> Florian, you mention you use rdiff-backup (for max 20G) and rsync for
> larger. Is it not recommended to use rdiff-backup on large backups?
> Mine are several Tb's with possible gb's daily increments. Would it be
> recommend to stick to rsync?
There are some reasons we do not use rdiff-backup for high
volumes of data that also changes a lot frequently:
1. rdiff-backup is slow if files get heavily modified or deleted.
Storing the increments needs a lot of I/Os and we do not want to spend
that much money on 10k u/min disks just for backups. rdiff-backup also
has serious performance issues for incomplete backups when
it has to revert to the old state.
2. rdiff-backup stores increments, thus it needs constant verification.
This process is extremely time consuming and, again, needs a lot of I/O
and a big tmpfs in ram, unless you want to make it even more time
consuming. We'd rather put our ram in production maschines.
3. listing and restoring of backups requires command line knowledge of
the rdiff-backupp command and read-access to the FULL repository. We
need something that provides easy-access, just like a directory
structure where you can just ls or cp and only if you had appropriate
permissions on the original file.
4. rdiff-backup can only delete the oldest increment(s), not in between.
5. restoring from increments (not the current mirror) is somewhat slow and takes a bunch of cpu and I/O.
6. wheen the repository gets corrupted in some way, it is really hard
to fix this. There is a high risk of losing a lot of files then.
There was a little more, but that were the primary reasons we decided
to use rsync with link-dest as this provides everything we need. It
takes somewhat more storage, but 7200u/min disks are cheap and with sequential
writes they offer succifient performance. And it is dead-simple to fix
a corrupt repository since its just plain files or hardlinks.

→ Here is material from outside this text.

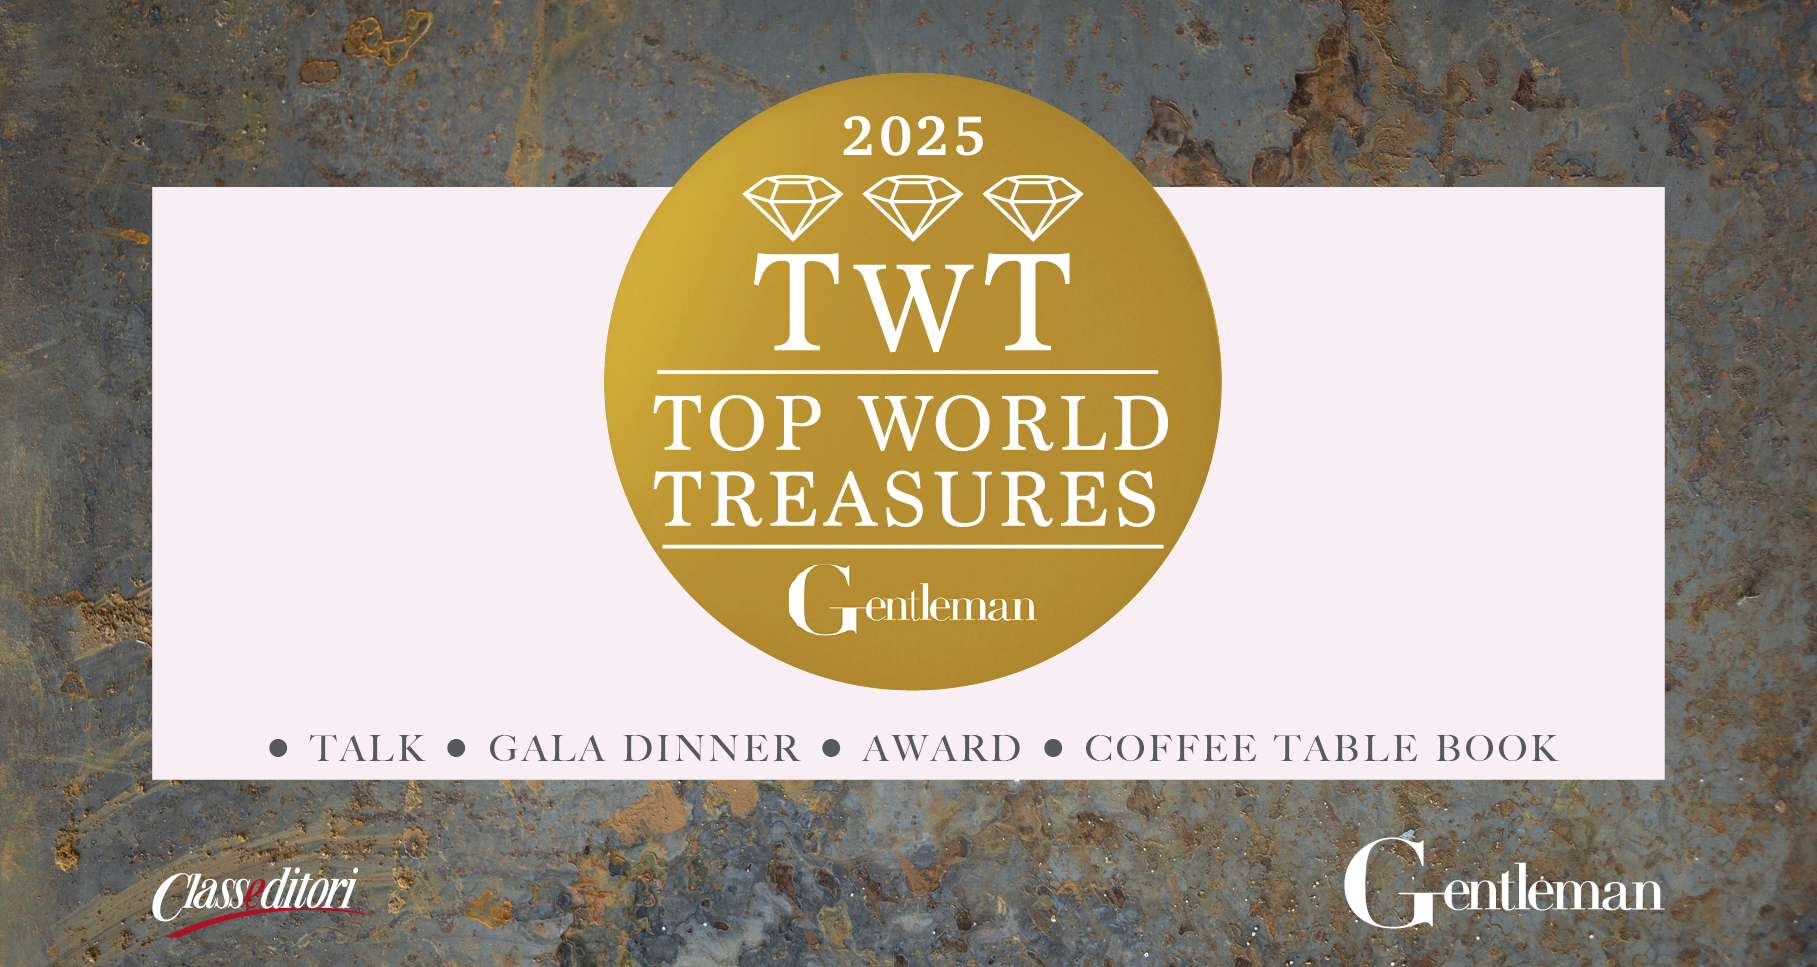 Gentleman TWT - Top World Treasures

That said, one big advantage in using rdiff-backup for os backups is
that you can run it as an unprivileged user on the storage side. It
automatically takes care about saving metadata such as ownership and
permissions and so on even as non-root. This is something rsync cannot
> How about backuppc? What are your
> thoughts/comments/suggestions regarding that?
Some of my clients use backuppc and that seems to run fine. Its fast but
not as fast as simple rsync and if something in the repository goes
wrong, bad things can happen. They do use rsync but spice it up with
some kind of snapshotting and deduplication. They have the same
performance issues for incompleted backup tasks as rdiff-backup.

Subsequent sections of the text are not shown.